И я вернулся туда, где сидел на краю канавы под молодой цветущей черемухой и свертывал уже третью самокрутку подряд.
Так что же? Уехать в город и сделать вид, что я ничего не знаю? Возвратить Саше и его матери все, что они просили передать Норе? Но в городе я их больше не застану: их вызовут на похороны.
По большой дороге протарахтела телега, гомон у высокой черемухи понемногу стих. Мимо по просеке прошло несколько человек, они подозрительно покосились на меня.
Я поднялся, но от волнения не мог идти ровно. Видевшие меня наверняка решили, что я надрался вусмерть, хотя у меня давно уже ни капли во рту не было. Да пусть их думают, что хотят! Я пошел, даже не зная куда, а ноги сами несли меня в сторону учительского дома, как если бы я снова спешил увидеться с Норой. Но тут я завидел хибарку, в которой меня недавно так гостеприимно приютили на ночь, и свернул к ней.
В домишке была только та девочка. Увидев меня, она вскрикнула в испуге. То ли я и в самом деле выглядел пугающе, то ли слишком часто наведывались непрошеные гости.
Я приложил палец к губам:
— Тсс! Не трону! Ничего не возьму! Тебе на платье, матери на юбку. На! Спрячь! Как следует спрячь! Никому не показывай. Ни единой душе… Только матери. Скажи, я приду потом, потом!
И я выскочил в дверь, оставив на столе то, что хотел подарить Норе на этот раз: рулончик, то есть отрез, немецкого лилового эрзац-шелка.
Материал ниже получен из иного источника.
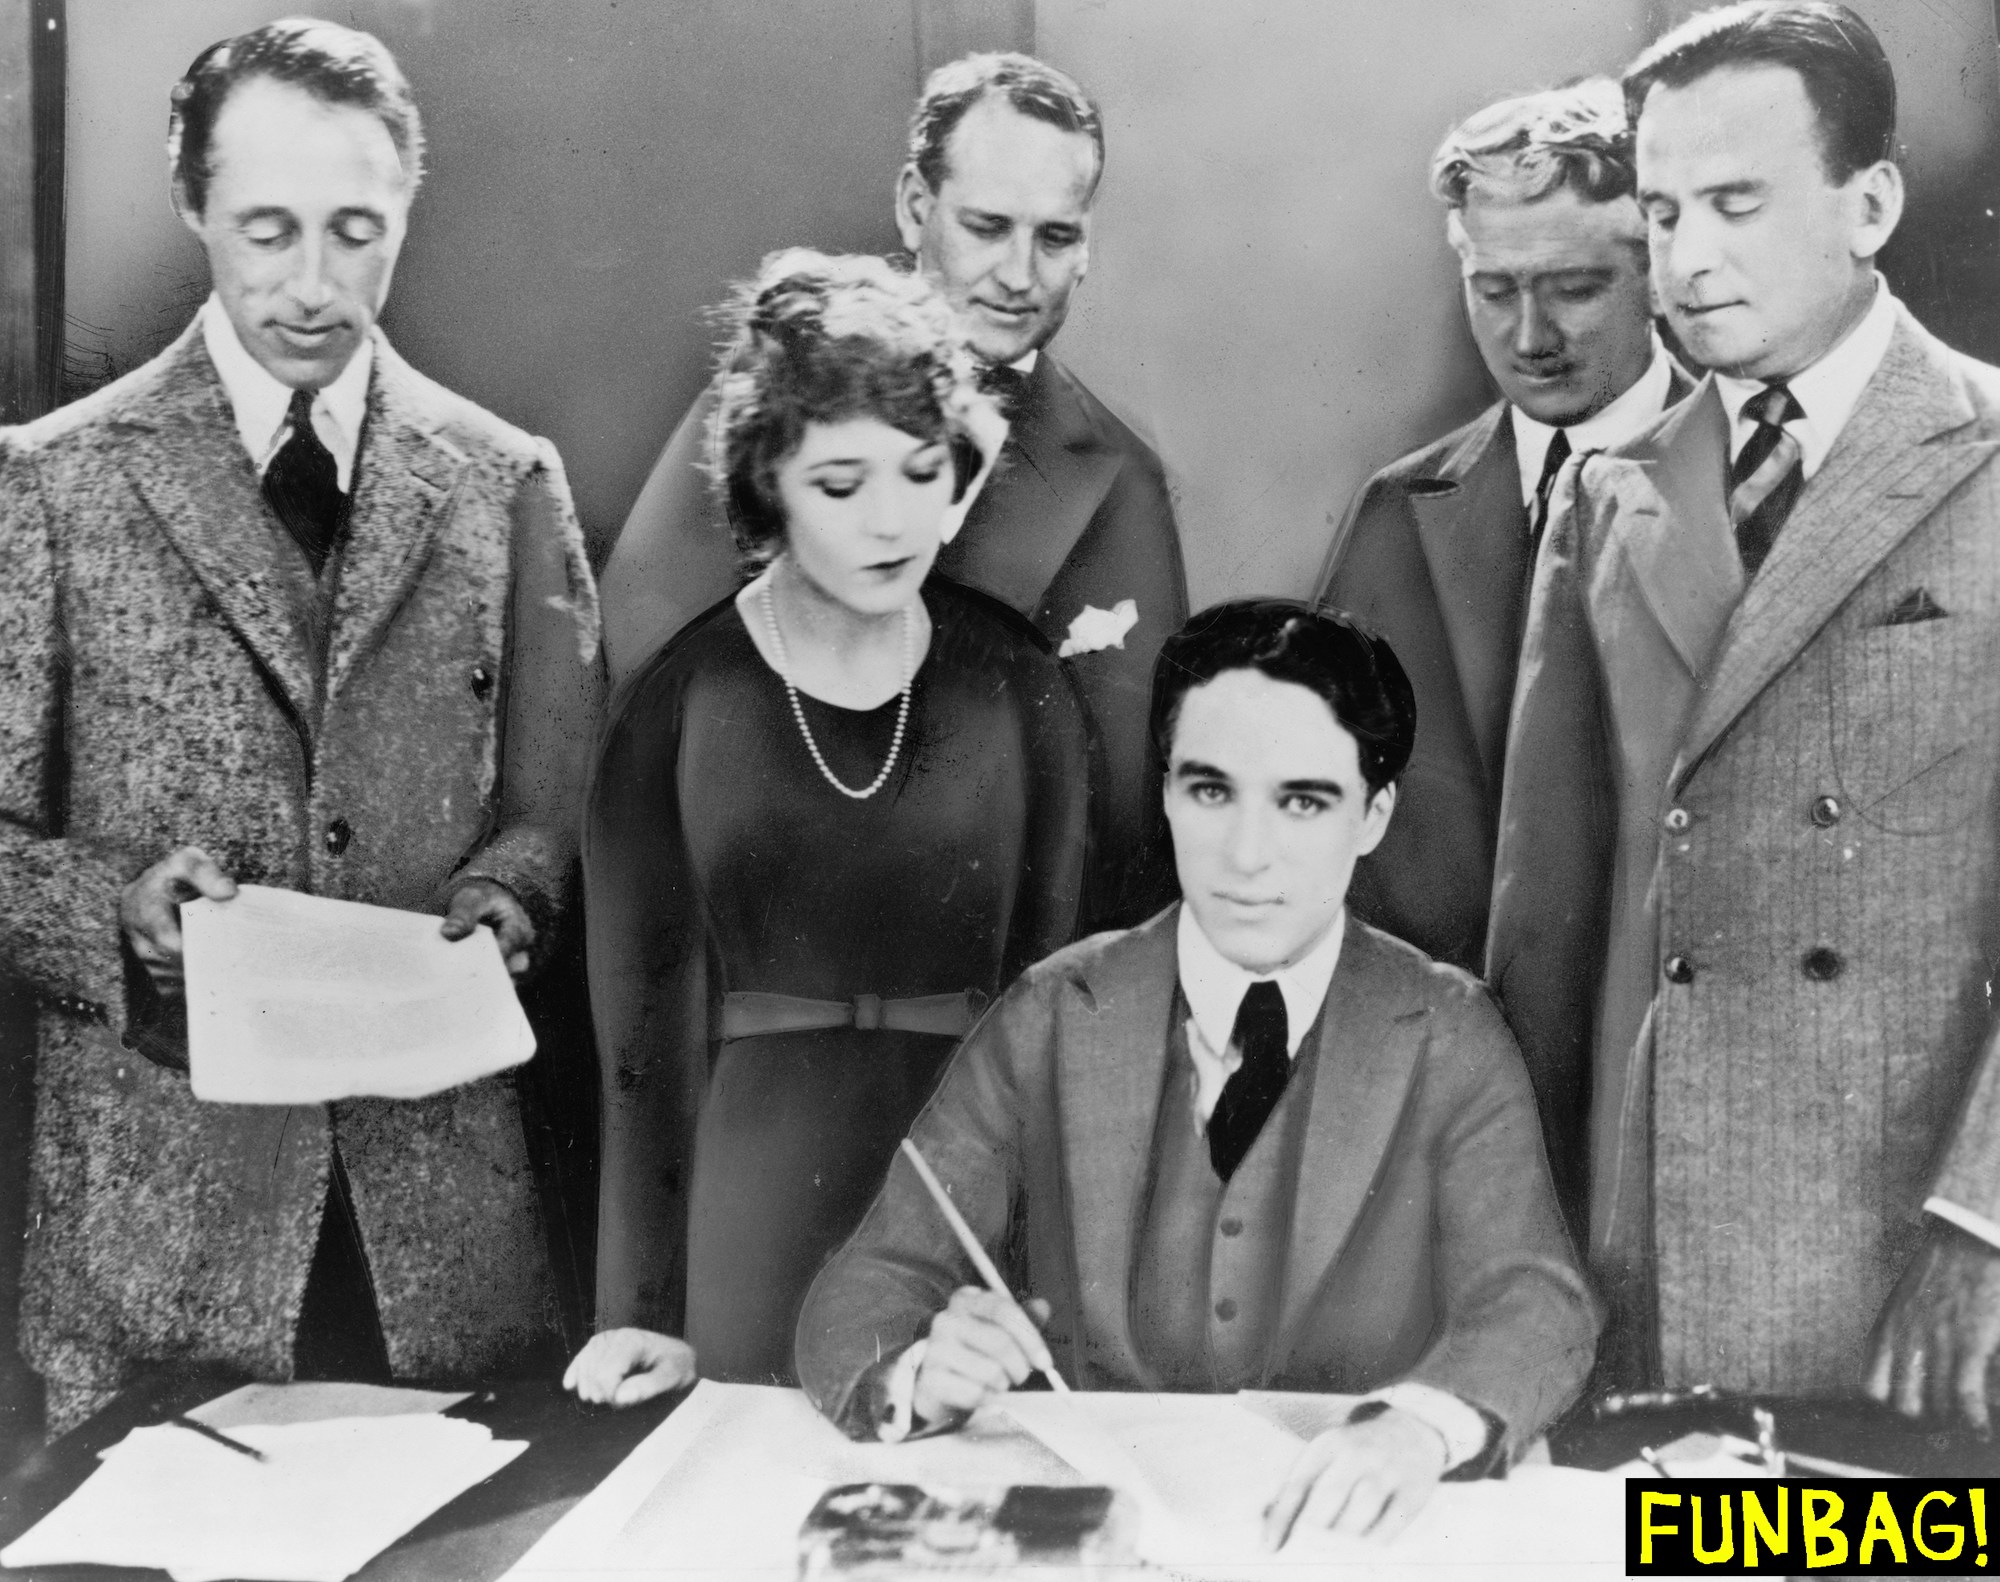 DW Griffith, Mary Pickford, Charlie Chaplin, Douglas Fairbanks signing contract establishing United Artists motion picture studio. (Photo by: Photo12/Universal Images Group via Getty Images)
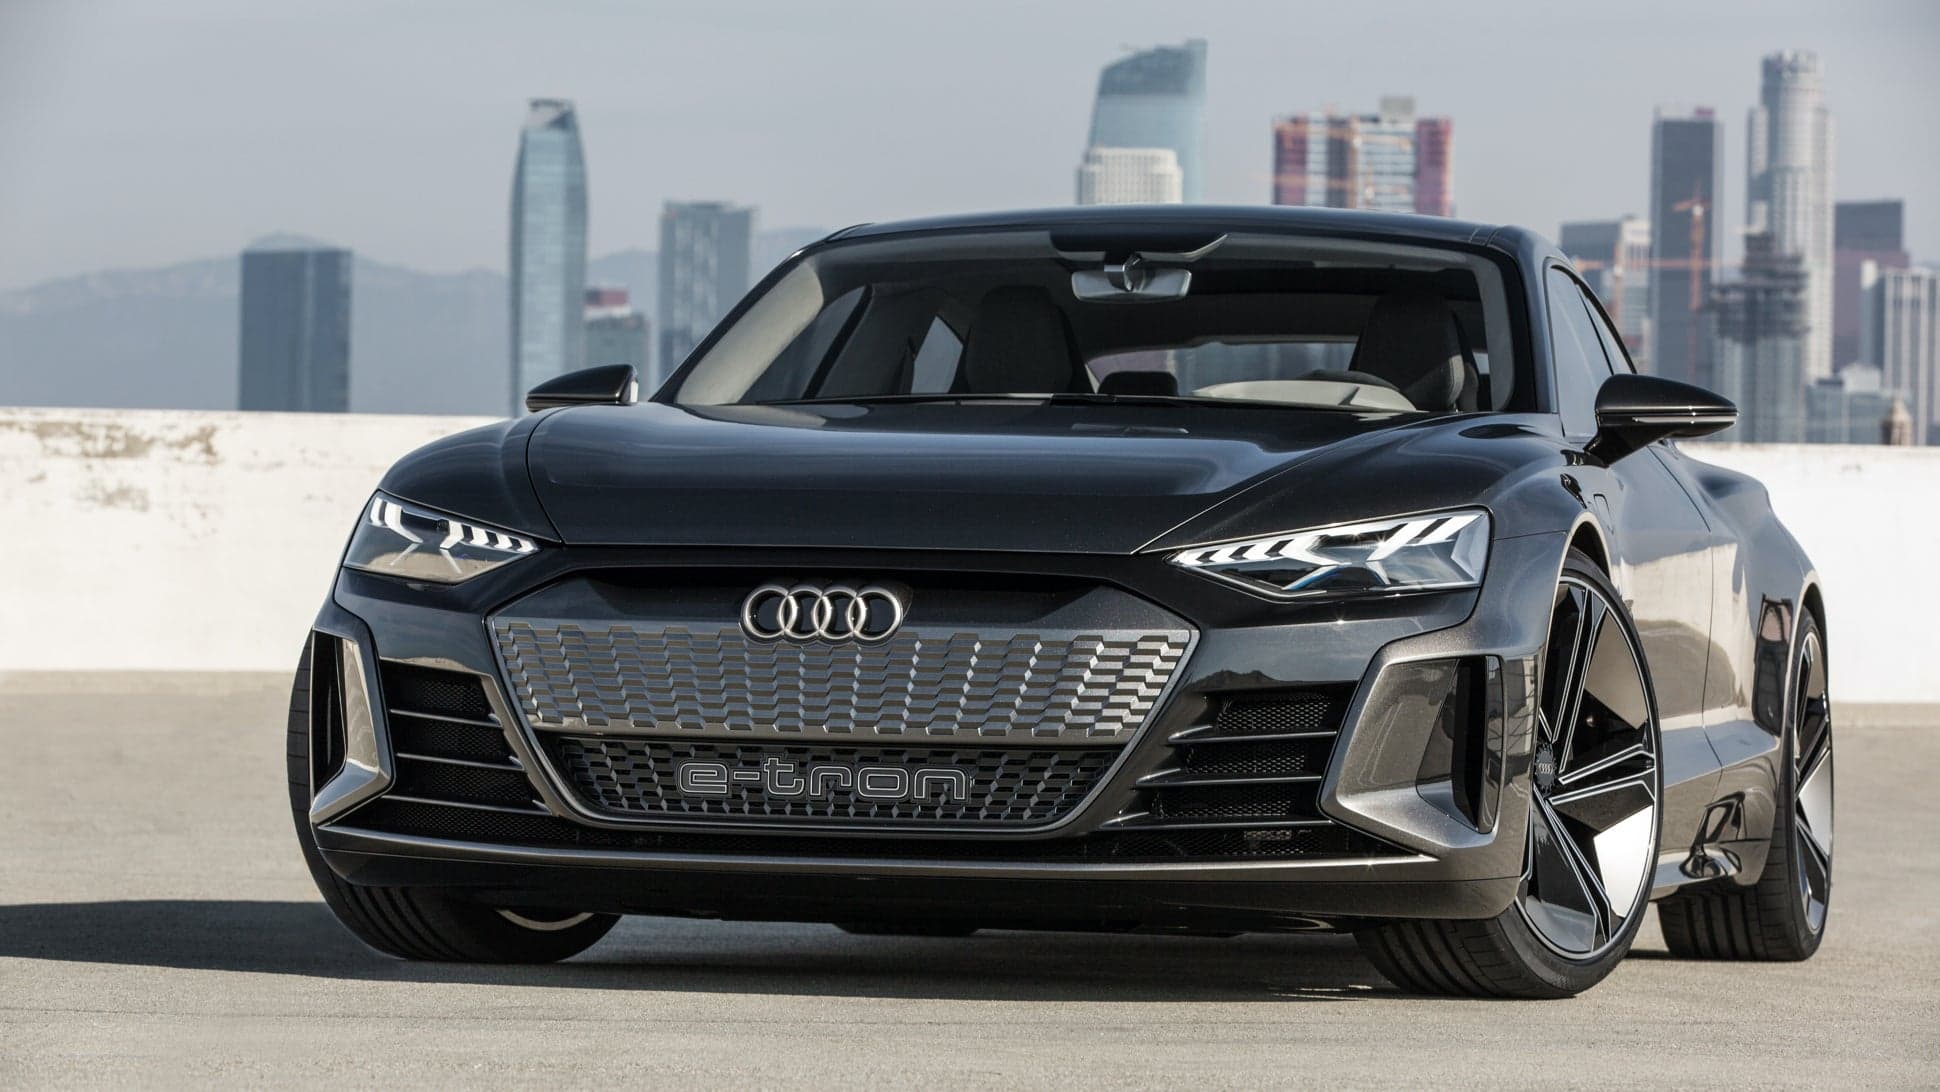 Audi Could Finally Move Away From Huge Grilles On the Front of Their Cars

Ничего особенного, последнее дерьмо, растворялось и в ацетоне, и в бензине, зато выглядело — первый сорт. Мне особенно нравился цвет: не то фиолетовый, не то сиреневый, с блеском. Нора нет-нет, да и упрекала меня в том, что я слишком уж часто заглядываю в рюмку; хотел ведь пожелать ей: пусть теперь носит на здоровье да не забывает форштадтскую песенку:
Лиловые все мои платья,
Лиловая вся моя жизнь,
Я потому лиловое люблю,
Что мой миленок вечно во хмелю.
Только нет ведь Норы! Эх, сейчас бы стаканчик обжигающего первача — за то, чтобы земля была ей пухом! Теперь этот шелк сносит чужая женщина — мать этой девочки из развалюхи. И пускай! Будет чем — заплатит, нет — господь на том свете воздаст. Подумаешь, большое дело, обычное немецкое дрянцо. Солидному клиенту такое продать было бы просто стыдно, такое можно разве что подарить знакомой или загнать совершенно чужому человеку.